When an avatar is created, it must also be integrated into an application and deployed. This requires powerful GPUs to drive both the rendering of sophisticated 3D characters and the AI intelligence that brings them to life. Monolithic solutions are optimized for specific endpoints, while cloud-native solutions are more scalable across all endpoints, including mobile, web, and limited compute devices such as augmented reality headsets.

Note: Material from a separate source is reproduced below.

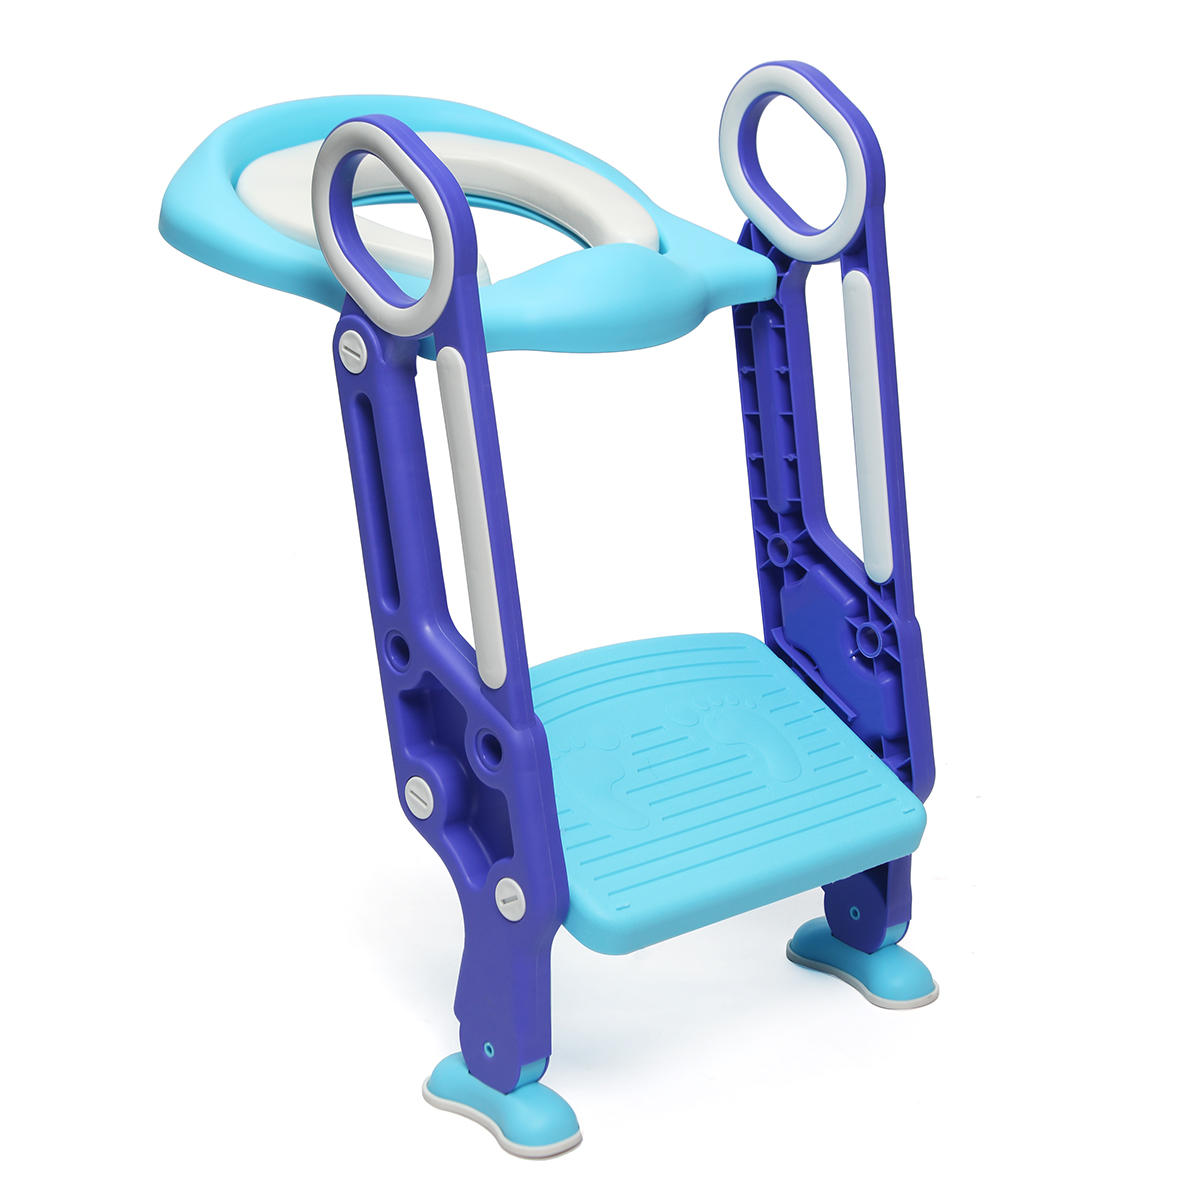 Kids Baby Toddler Potty Training Toilet Seat & Step Ladder Soft Cushion
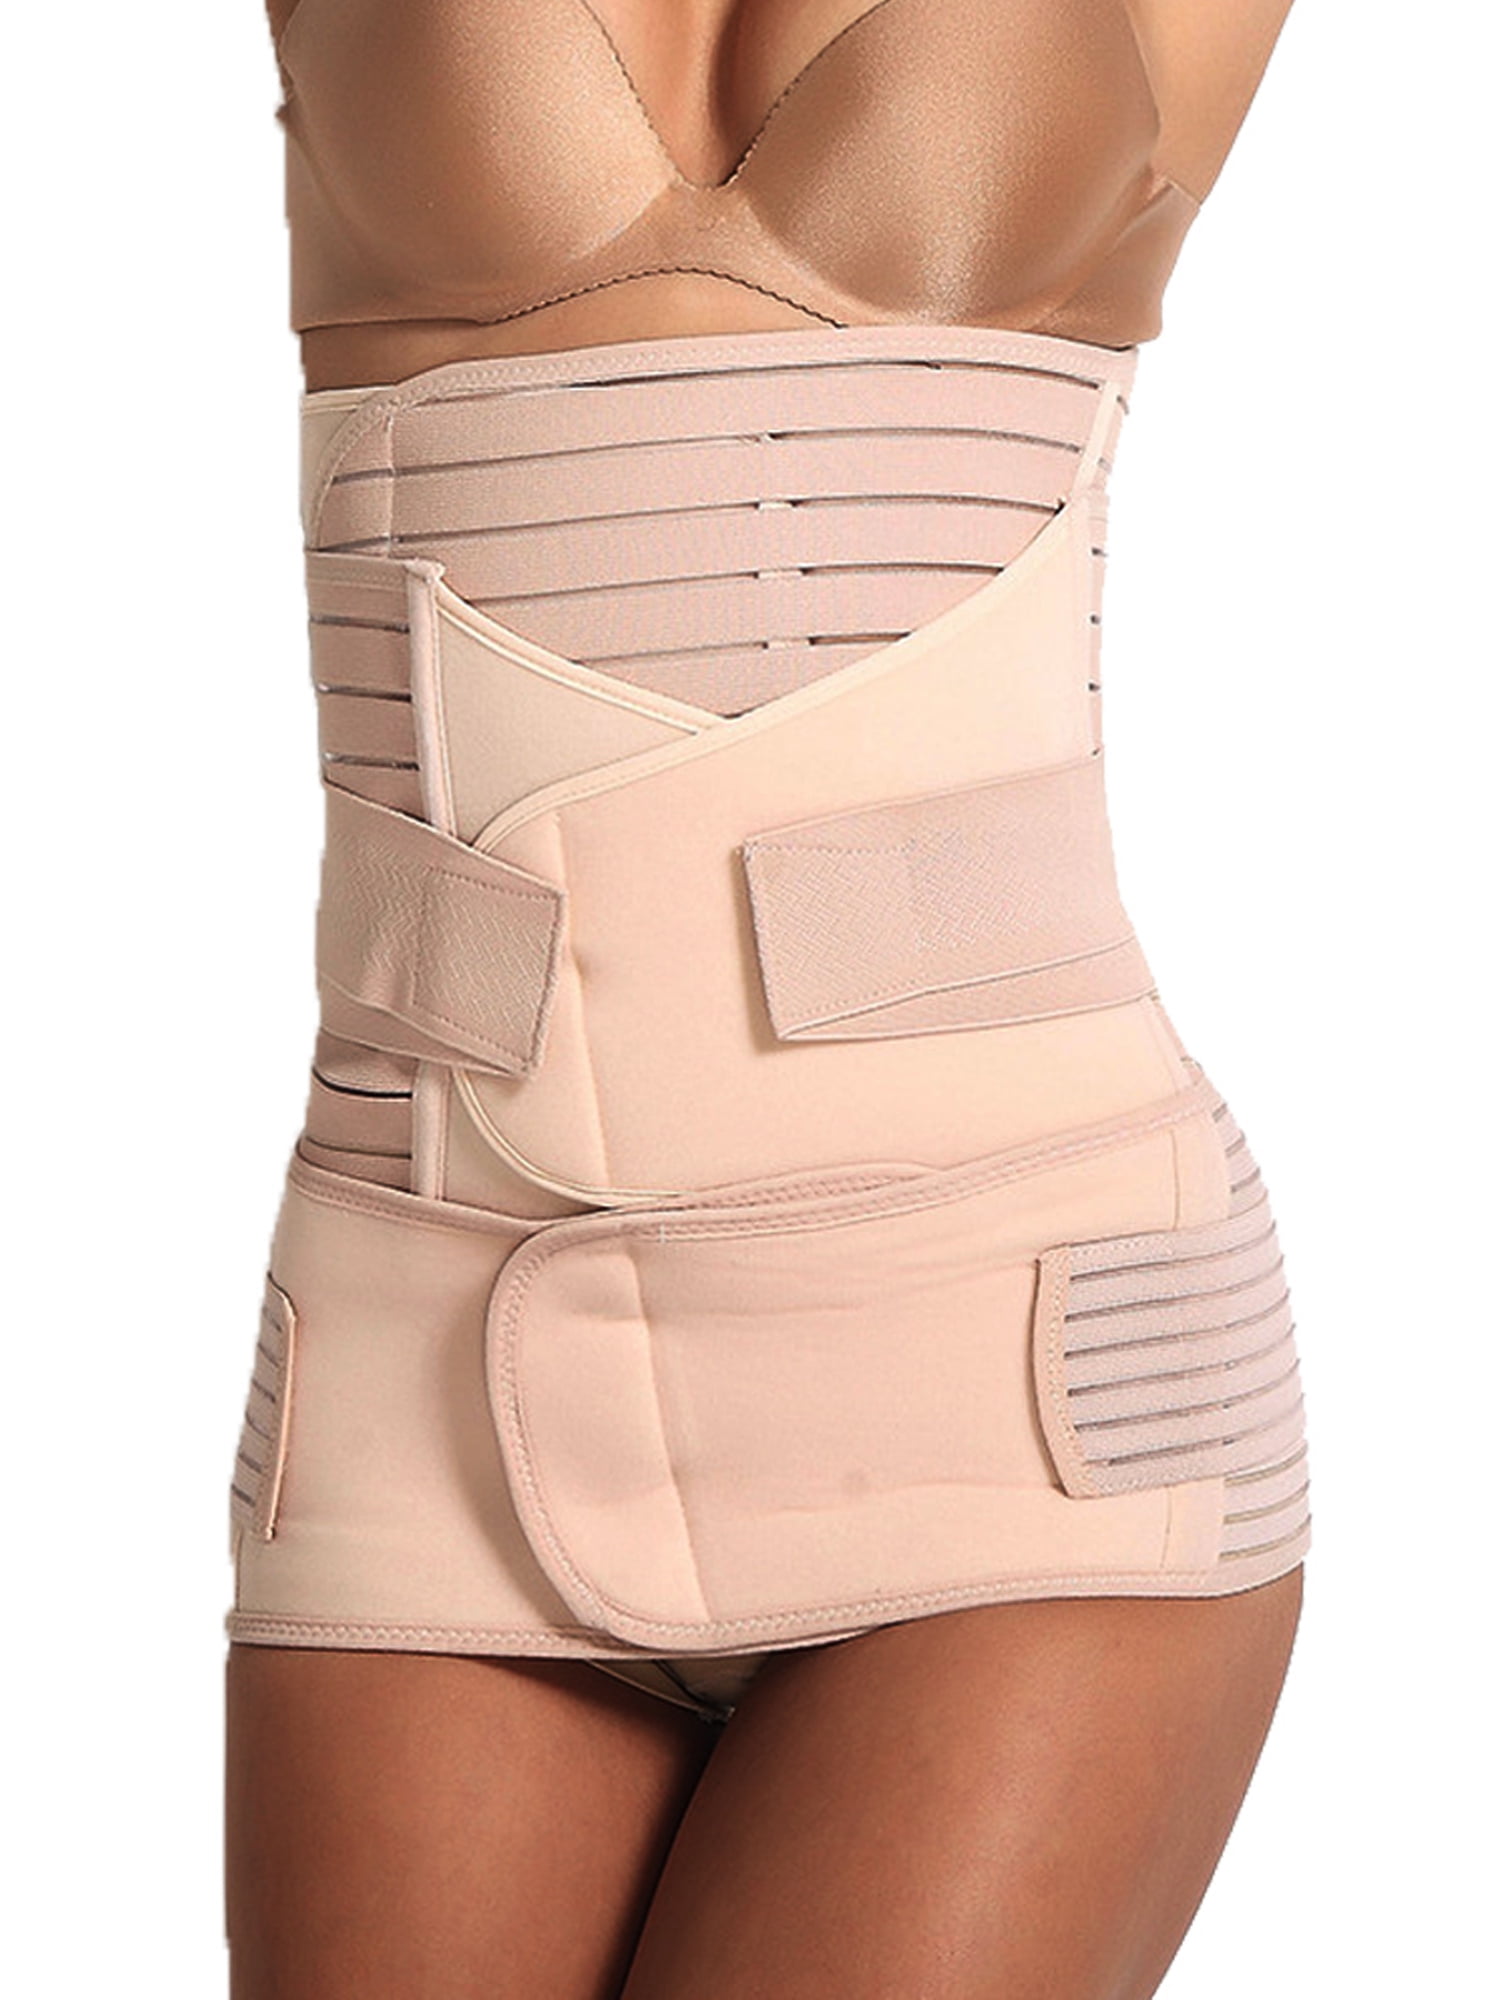 Maternity Belt Adjustable 3 in 1 Postpartum Support Belt Recovery Belly/ Waist/Pelvis Wrap Girdle Support Band Belt

NVIDIA Omniverse Avatar Cloud Engine (ACE) helps address these challenges by delivering all the necessary AI building blocks to bring intelligent avatars to life, at scale.

Omniverse ACE and AI microservices

Omniverse ACE is a collection of cloud-native AI models and microservices for building, customizing, and deploying intelligent and engaging avatars easily. These AI microservices power the backend of interactive avatars, making it possible for these virtual robots to see, perceive, intelligently converse, and provide recommendations to users.

Omniverse ACE uses Universal Scene Description (USD) and the NVIDIA Unified Compute Framework (UCF), a fully accelerated framework that enables you to combine optimized and accelerated microservices into real-time AI applications.

Every microservice has a bounded domain context (animation AI, conversational AI, vision AI, data analytics, or graphics rendering) and can be independently managed and deployed from UCF Studio.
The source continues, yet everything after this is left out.